Пощёчина 24

Ивановский Ара
…я почувствовал неладное сразу. Не могу объяснить. Поезд стал тормозить, а я понял, что что-то будет. У меня так водится. Например, отдам кому-нибудь какую-то книгу и знаю, что больше ее не увижу никогда. Не могу объяснить, как. И вот тут. На минуту – понял. Ну ладно, думаю, выхожу, забираю вещи, и – вот. Это называется, «ара, случай». У меня так в Москве было с гаишником одним, за мной весь спецполк ехал по Горького, как в Голливуде, потом расскажу.

То есть – выхожу я из вагона, все, уже Пятигорск – «конь, ружье и вольный ветер», понимаете – я – гайдук, два года отдал, ДМБ – 89, и, вообще, все вокруг – «духи». И еду к бабушке, и в наряд больше не пойду никогда. И пьян этим словом «никогда» покруче, чем поэт – хорошей метафорой. Все, больше СА меня не достанет, даже если будет война.

Одновременно несколько грущу – в армии меня все знали, и я всех, и, казалось, что я там родился. То есть, делать ничего не надо, работать тоже, знаешь, как и куда «урыться», а уважение есть. Плюс – сахар, масло и сгущенка. Плюс – подруга из интеллигентной семьи, почти жена.

А тут – менты, им вообще все равно, служил ты или нет, почти всегда, но не всегда, плюс какая-то гражданка – никакого авторитета. Никто тебя не слушает, даже если ты прав. Плюс – здоровья нет.

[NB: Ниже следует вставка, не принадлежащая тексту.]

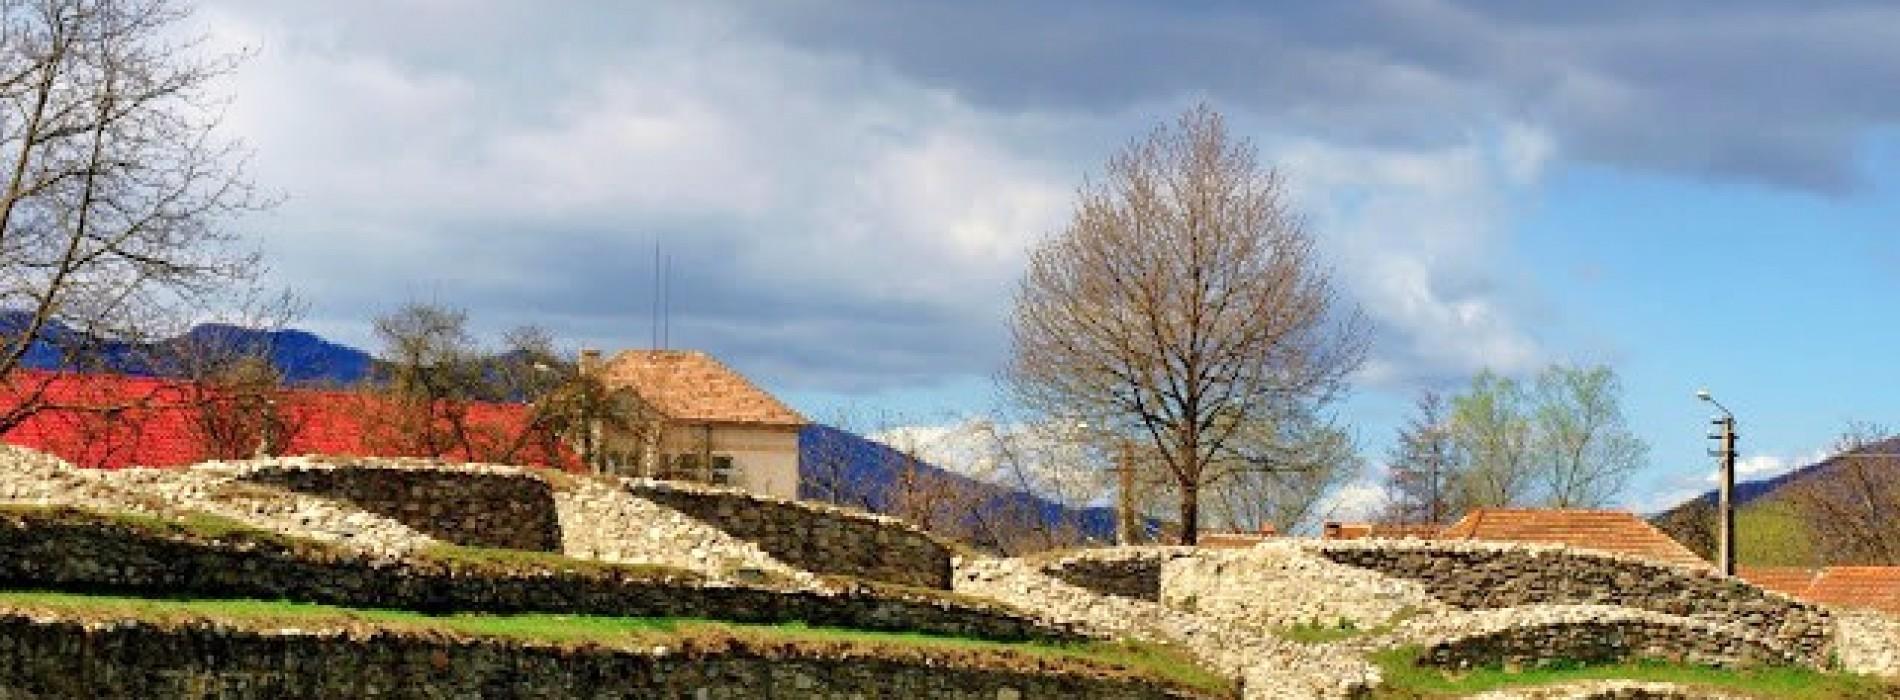 Topul The Guardian aduce in atentia lumii  complexul arheologic Ulpia Traiana Sarmizegetusa
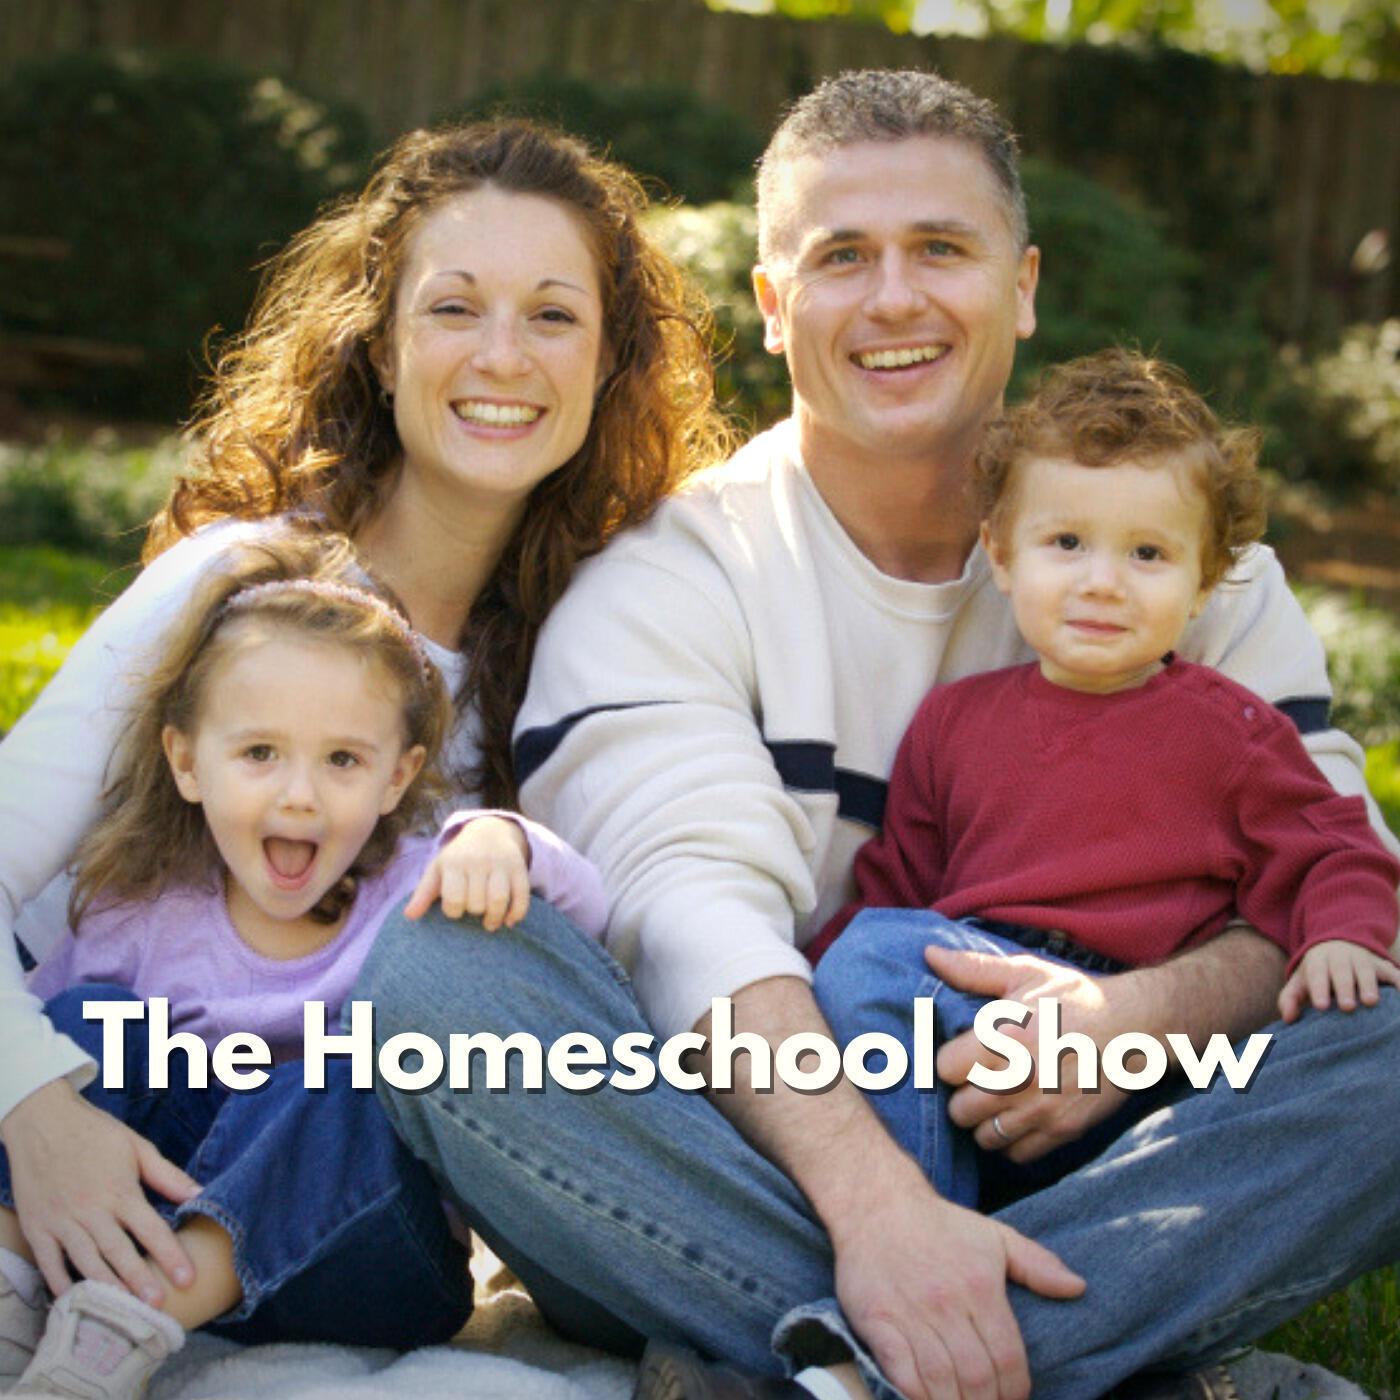 The Homeschool Show

Девушка не одна, а пять. Какое тут, уважаемые, здоровье? Плюс, деньги, по-пятигорски – «лавэ». Нужна «девятка». А на что ее покупать? Плюс – не сидел. Вот это хорошо. А то точно бы, как в армии, привык и не стад бы выходить. Вернулся – тебе тридцать лет, делать ничего не умеешь, никому не нужен. Не «вписался», значит, бери пистолет, иди грабь. Грабить – грешно. Так что – нюансы, и сильные, хорош, что не сидел.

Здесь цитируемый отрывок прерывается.